Disadvantages of Convertible Notes:

  • May never convert into equity if a subsequent round isn’t raised or if the company fails

  • Valuation cap and discount can complicate future equity raises by anchoring price expectations (i.e. if the cap is $5M, then the valuation for this round must be higher…?)

  • Limited governance rights compared to an equity investment

Valuing Startups

Company Has Revenues

  • Leverage Revenue Multiples: EV/ARR, EV/Sales, EV/EBITDA

  • This is not the best option as revenues are fairly early and immaterial at this stage of the company (typically below $1–2M in ARR)

  • It’s hard to find good comparable companies or precedent transactions (fundraising deals with disclosed valuations/metrics) to benchmark off of, and there may not be many other companies doing similar things

Company Has No Revenues

  • Value based on the size of the round and new ownership: as said before, typically seed stage investors (new money in) will receive around 10–25% of the company post-deal. Therefore, the valuation can be derived from dividing the new money in by the expected ownership. For example, if a company raises $1M from VC’s and the expected ownership post-deal for the new money is 20%, then the post-money valuation of the company is $5M.

  • This too is not the best option as there is no benchmark or real rationale used to determine the value of a company’s assets.

There is no perfect way to value a pre-seed to seed stage start-up. Precedent fundraises and negotiations dictate and drive the valuation of a company.

Term Sheets

Term sheets are simply a contract that outlines the key terms of a deal between the startup and an investor and does not represent a legal promise to invest in the company.

These documents are fairly lengthy and full of… well, terms. Here are some of the key concepts that are often negotiated between investors and founders that drive the preceding legal documents post-term sheet.

  • Board Seats: Formal addition of investor(s) and independent board members in addition to the founder(s) on the board

  • ESOP: Usually 10–15% of an option pool created in aggregate to issue to new employees, advisors, etc.

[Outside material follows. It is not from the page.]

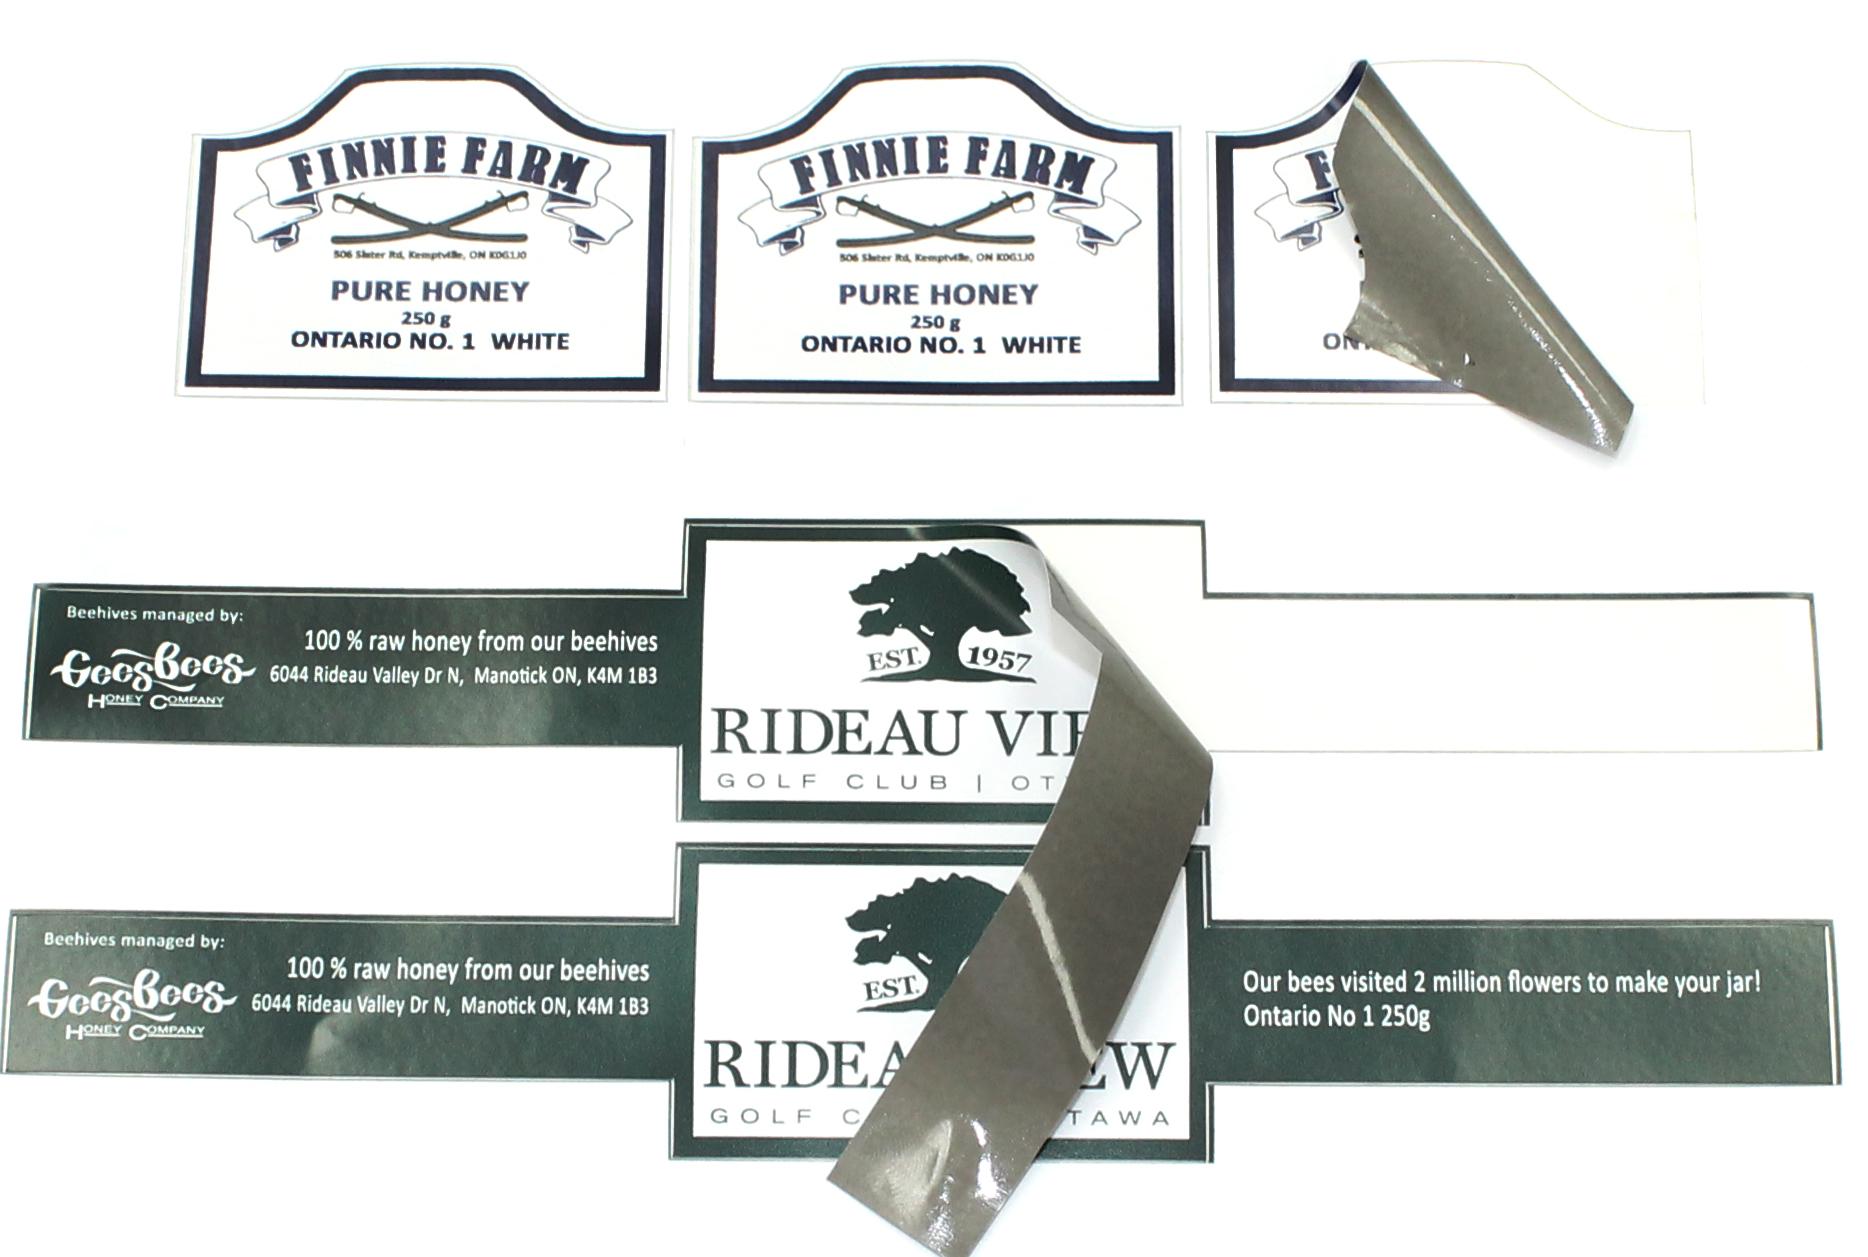 Custom-cut labels, vinyl adhesive, gloss or matt finish paper

  • Vesting: Withholds shares owned by founders and key team members and released back to owners over a period of time to keep personnel committed to the company

  • Liquidation Preferences: Upon liquidation (i.e. bankruptcy or acquisition), returns money to preferred shareholders before common shareholders at a 1X rate typically

  • Participation: Upon liquidation, investors get their liquidation preference returned first, and the remaining distributions are allocated based on percentage ownership

  • Anti-Dilution: Protects investors when a company issues equity at a lower valuation than in previous rounds (full rachet/weighted average)

  • Right Of First Refusal: The right to enter into a transaction with a person or company before anyone else can (i.e. sale of shares, assets, or the entire company).

  • Drag-Along Rights: Enables a majority shareholder to force a minority shareholder to join in on a deal (i.e. get acquired by a larger company)

  • No-Shop: Cannot bring deal terms to other investors to drive up valuation or get more favorable terms

Finally, there are five general documents that follow a term sheet:

  • Certificate of Incorporation

  • Stock Purchase Agreement

  • Investor’s Rights Agreement

  • Right of First Refusal & Co-Sale Agreement

  • Voting Agreement

Overall, the term sheet is a mechanism that helps investors and founders guide the deal conversation, be a point of reference to create corporate legal documents during the process, and help make decisions after the deal.